### Task to complete
The entries below should be set down again exactly, with every picture left out.

### Data for this exercise
··········

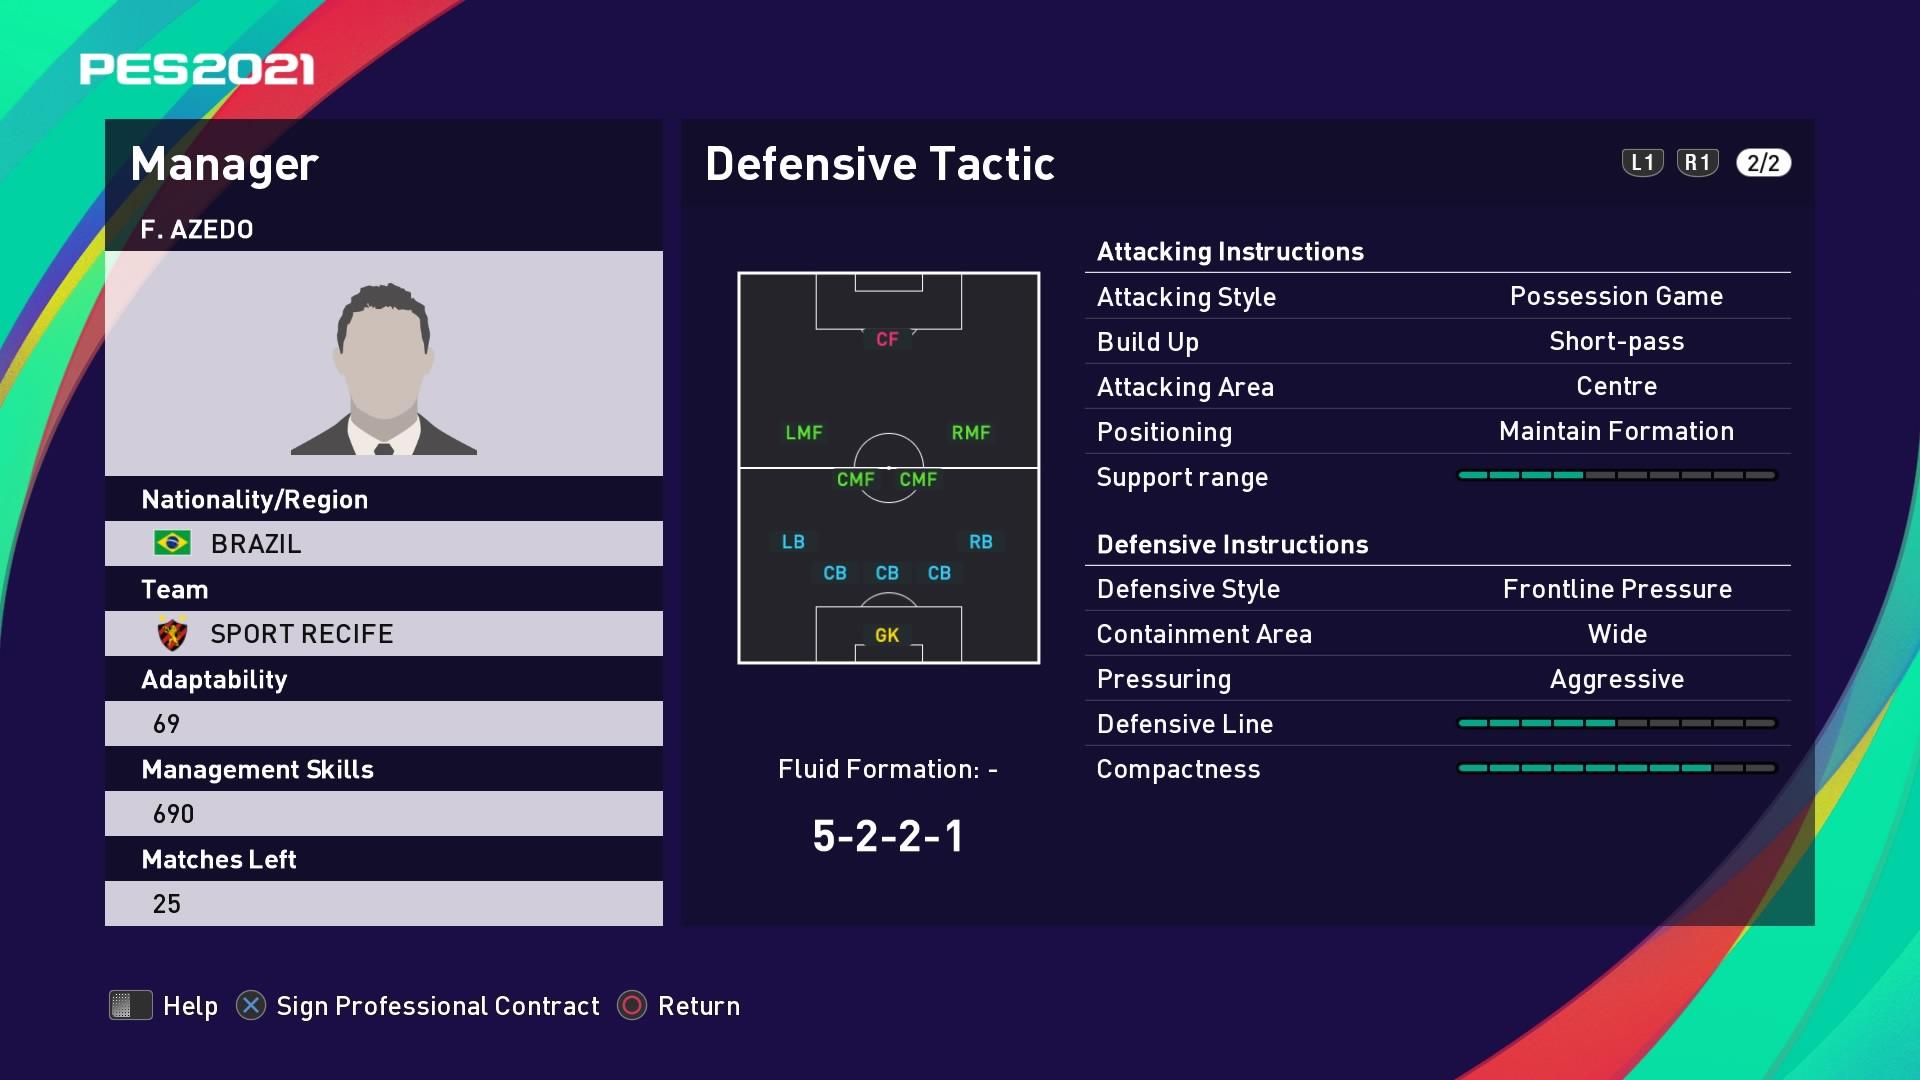 F. Azedo (Jair Ventura) Defensive Tactic in PES 2021 myClub
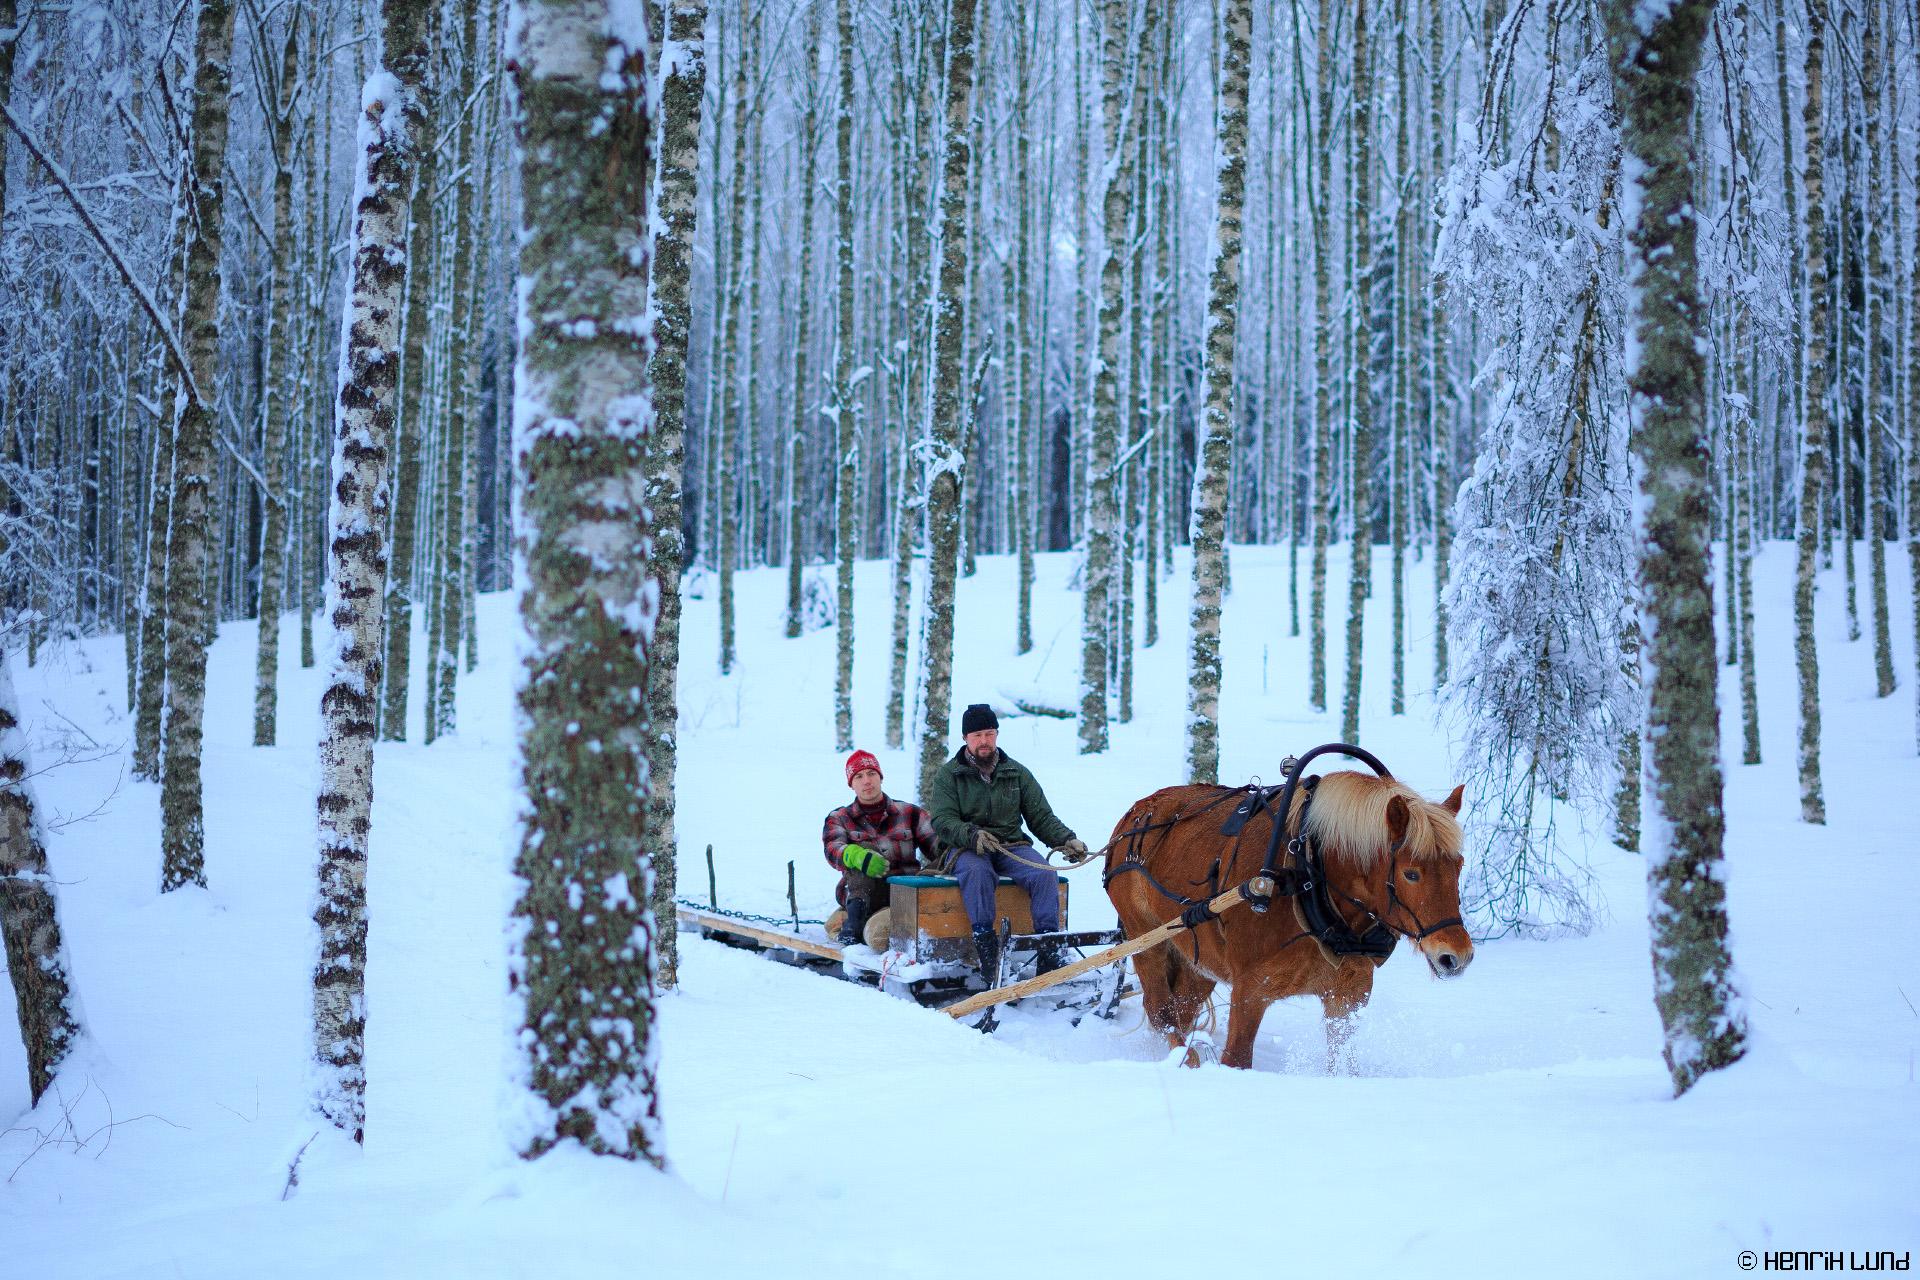 Forestry with horse - timbertransport. Mäntsälä, Finland, February, 2015.
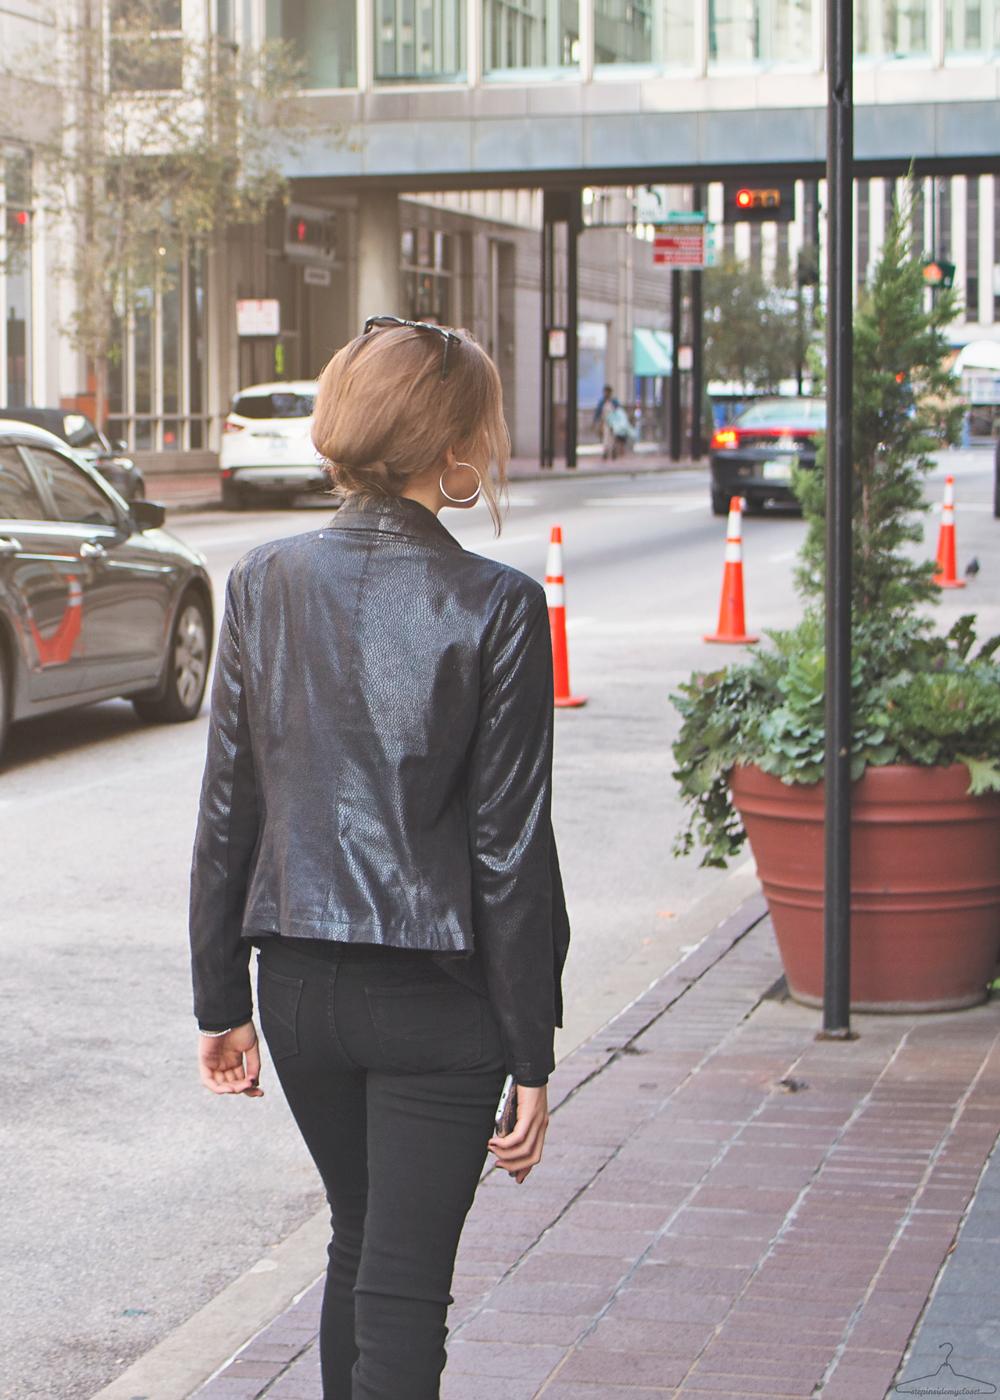 Step Inside My Closet - Noir Monday - Giuliana Rancid, Helmut Lang, Michael Kors, Rag & Bone, Zara,
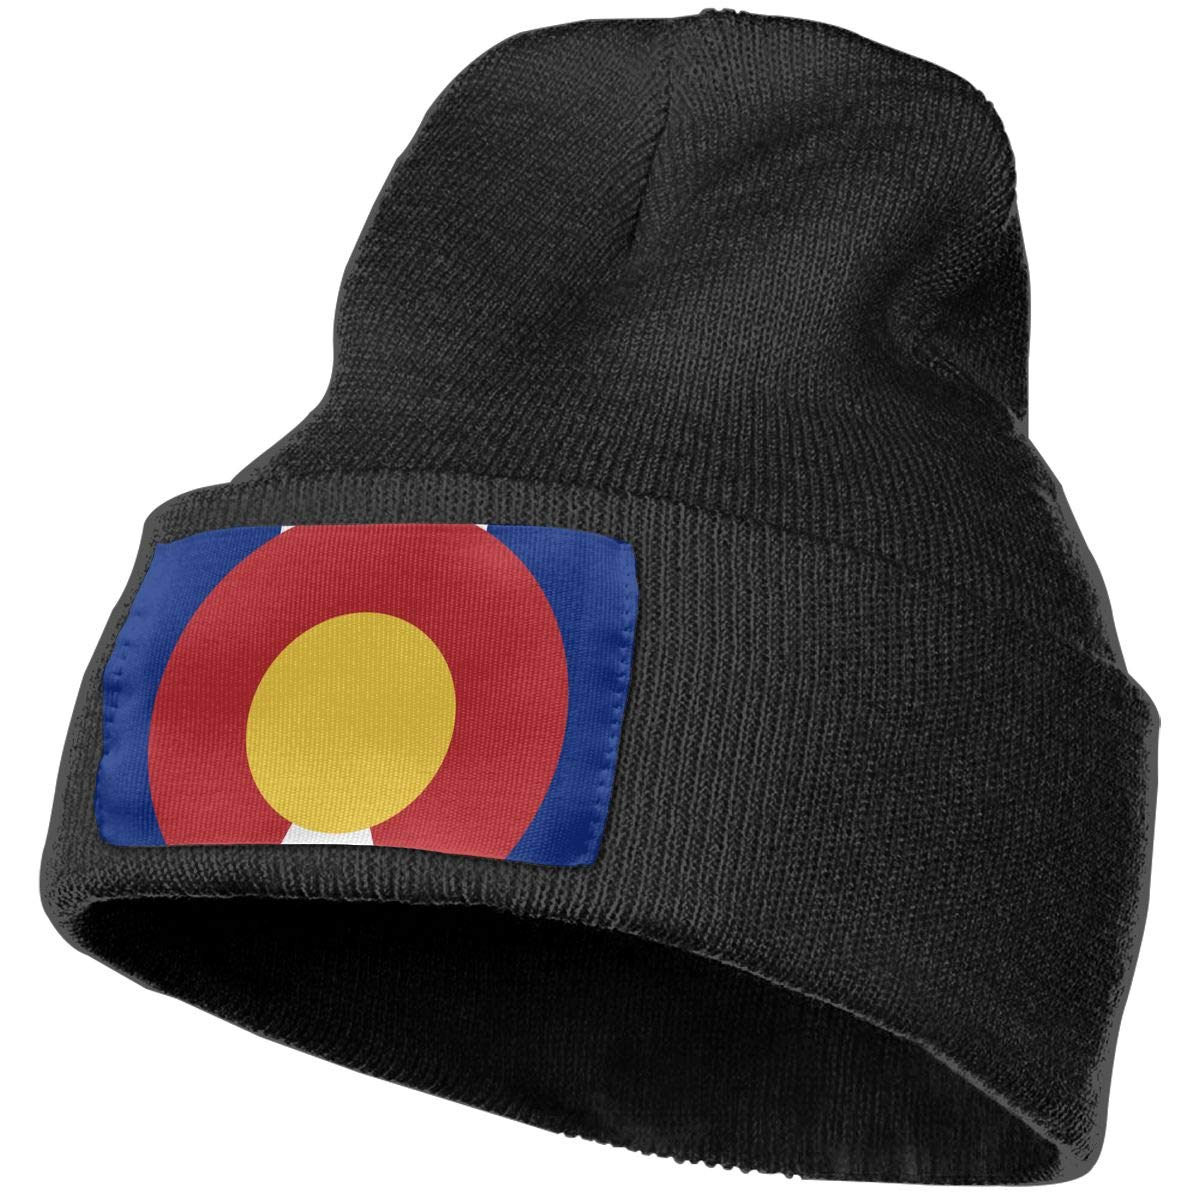 Sheery Colorado State Flag Casual Knit Cap for Men Women 100/% Acrylic Acid Skull Cap Woolen Hat
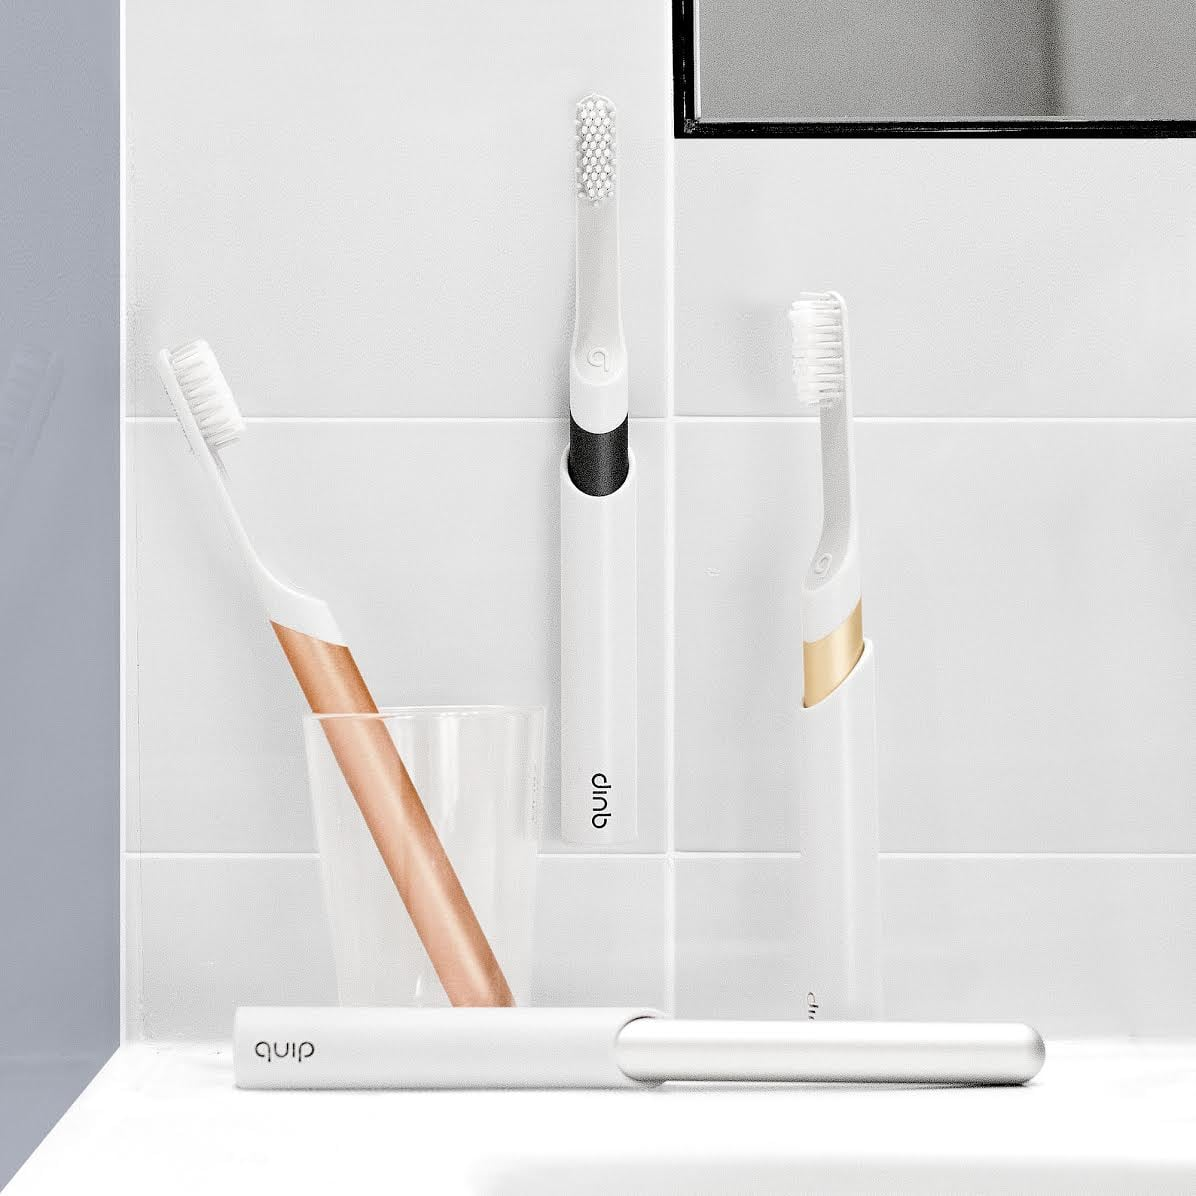 Quip Toothbrush Review Popsugar Smart Living

··········

### Result for this task
 F. Azedo (Jair Ventura) Defensive Tactic in PES 2021 myClub
 Forestry with horse - timbertransport. Mäntsälä, Finland, February, 2015.
 Step Inside My Closet - Noir Monday - Giuliana Rancid, Helmut Lang, Michael Kors, Rag & Bone, Zara,
 Sheery Colorado State Flag Casual Knit Cap for Men Women 100/% Acrylic Acid Skull Cap Woolen Hat
 Quip Toothbrush Review Popsugar Smart Living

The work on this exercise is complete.